Noordpoolgebied - Grondstoffen - Veiligheidsproblematiek
grondstof
Arctica
fossiele brandstof
opwarming van het klimaat
gas
territoriale bevoegdheid
territoriaal recht
15/9/2008 | Verzending vraag (Einde van de antwoordtermijn: 16/10/2008) |
20/10/2008 | Antwoord |
Op 2 augustus 2007 plantte een Russische duikboot een titanium vaandel met nationale vlag in de Noordelijke Ijszee op 4 200 meter diep. Een week later kondigde Canada de bouw van militaire installaties in het Hoge Noorden aan. Denemarken heeft zijn expeditie-inspanningen in Groenland aanzienlijk geïntensiveerd. Rusland vliegt met bommenwerpers langs de Noordelijke NAVO-zone. Het lijstje loopt op.

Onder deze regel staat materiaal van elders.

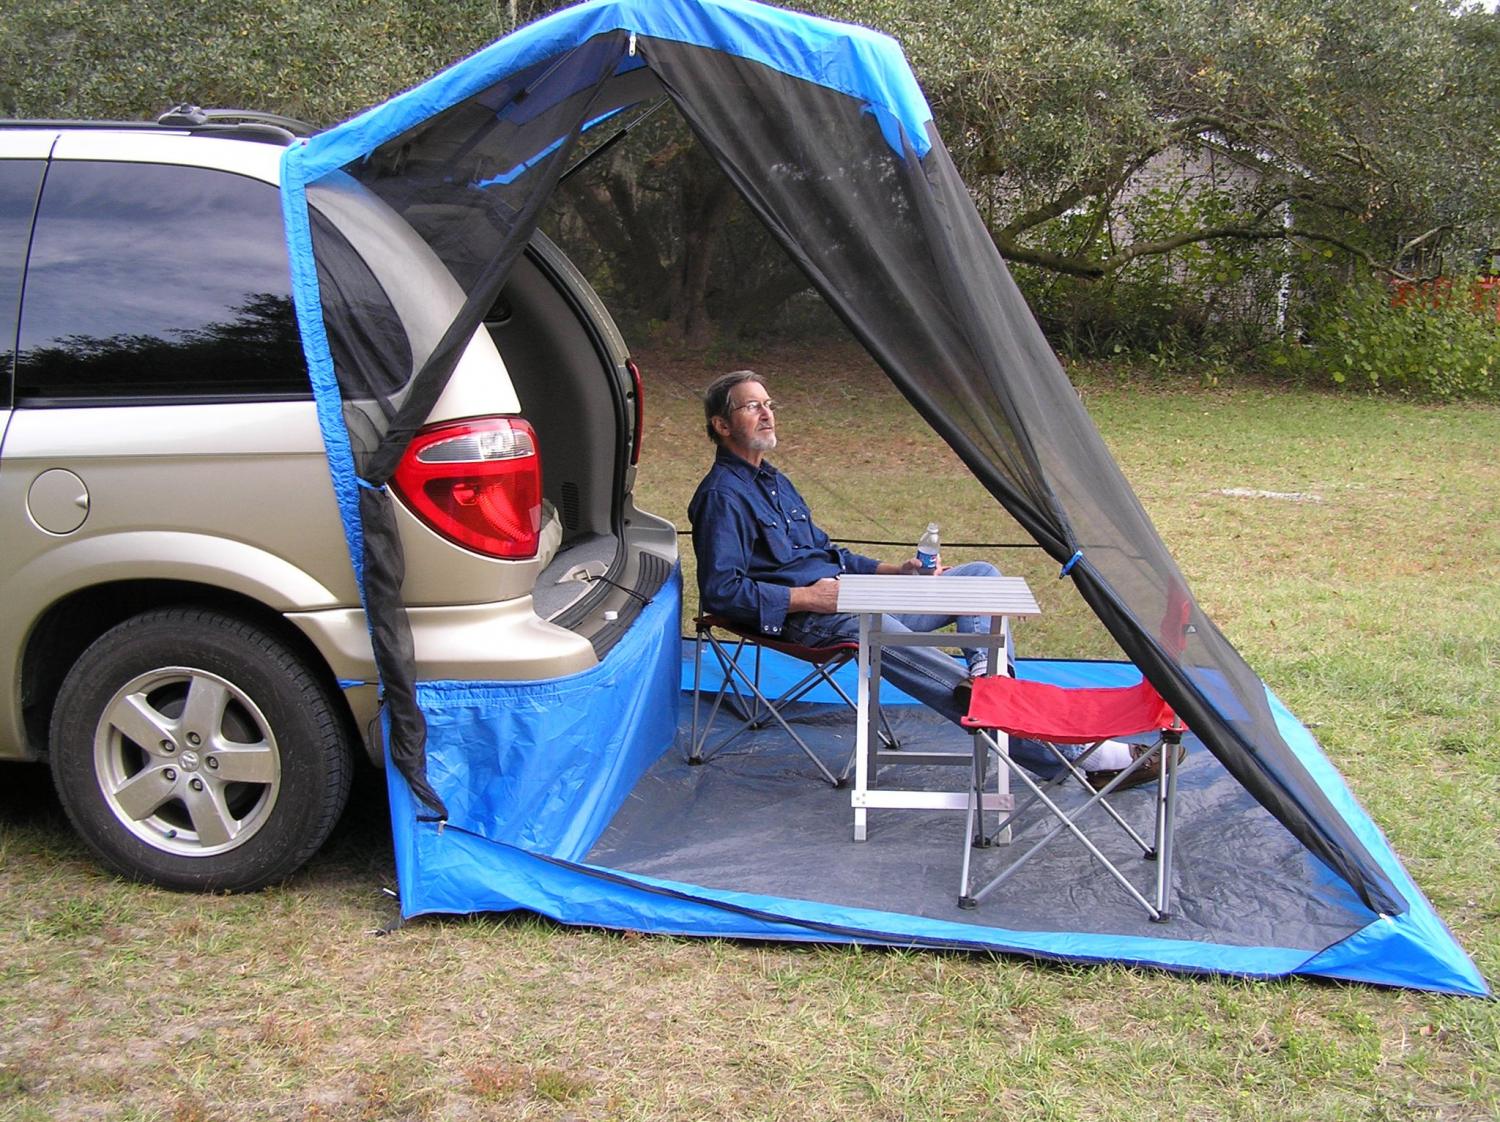 TailVeil Tent Attaches To Back of Your SUV or Minivan - SUV lift-gate camping tent

Steeds meer berichtgeving wijst op de verscherping van de tot nog toe latente veiligheidskwesties in het Noordpoolgebied, en dit door de aanwezigheid van enorme voorraden fossiele brandstoffen, verder aangewakkerd door de door de opwarming ontstane nieuwe zeestraten (door het smelten van de ijskappen) die tussen de verschillende poolstaten gewijzigde geostrategische en economische verhoudingen (zullen) scheppen. Gezien de energiereserves, regent het er momenteel territoriale claims waarbij de verschillende stellingnames leiden tot hoogoplopende diplomatieke territoriale twisten tussen Rusland, de Verenigde Staten, Canada, Noorwegen en Denemarken.
In een recent rapport met welbestudeerde inschattingen van de US Geological Survey bleek dat ten Noorden van de Poolcirkel 13 % van ’s werelds oliereserves (90 miljard vaten) bevindt en maar liefst 30 % (1 670 biljoen kubieke meter) van de mondiale gasvoorraden. Gezien de toegankelijkheid van deze reserves door het smelten van de ijskappen steeds groeit, zal de strijd voor deze grondstoffen enkel toenemen.
Graag kreeg ik ruime, actuele en gefundeerde antwoorden op volgende vragen :
1.Hoeveel nieuwe zeestraten vormen zich rond het Noordpoolgebied ?
2.Welke is de exacte houding van bovengenoemde staten ten aanzien van de Noord-West-passage en de Noord-Oost-passage ?
3.Welke landen uiten/uitten welke claims op deze twee straten ?
4.Welke is het veiligheidsrisico van deze straten ?
5.Welke mogelijke conflicten zijn aan deze nieuwe straten en passages verbonden ?
6.Welke territoriale claims zijn inzake bodems gelinkt aan de continentale plateaus? Wie claimt wat van bovengenoemde staten ?
7.Inzake bodemkwesties is er een akkoord, of één in de maak, betreffende exploitatie en afbakening van zowel gebieden boven de zeespiegel en de bodem ?
8.Welke afbakening is volgens België de juiste ?
9.Hoe ver gaat de claim van Rusland op de Lomonosov-rug ?
10.Zijn er actueel nieuwe militaire installaties of basissen in opbouw, in welke vorm dan ook, van bovengenoemde landen ?
11.Zijn er nieuwe ontginningsgebieden in de het Noordpoolgebied waar de exploitatie van gas of olie net begonnen zijn ?
12.Wat is de houding van België als NAVO-lid ten aanzien van deze ontwikkelingen ?
13.Hoe ver staat Finland met zijn ambities tot lidmaatschap van de NAVO ?
14.Wat is de houding van België ten aanzien van deze ontwikkelingen ?
15.Hoe schat de geachte minister de ontwikkelingen de komende jaren in op vlak van territoriale disputen, op vlak van energievoorziening en op vlak geostrategische relaties tussen bovengenoemde staten ?
Gelet op de specificiteit van zijn vragen wordt het geachte lid voorgesteld deze te richten tot de minister van Buitenlandse Zaken, die in deze materie bevoegd is.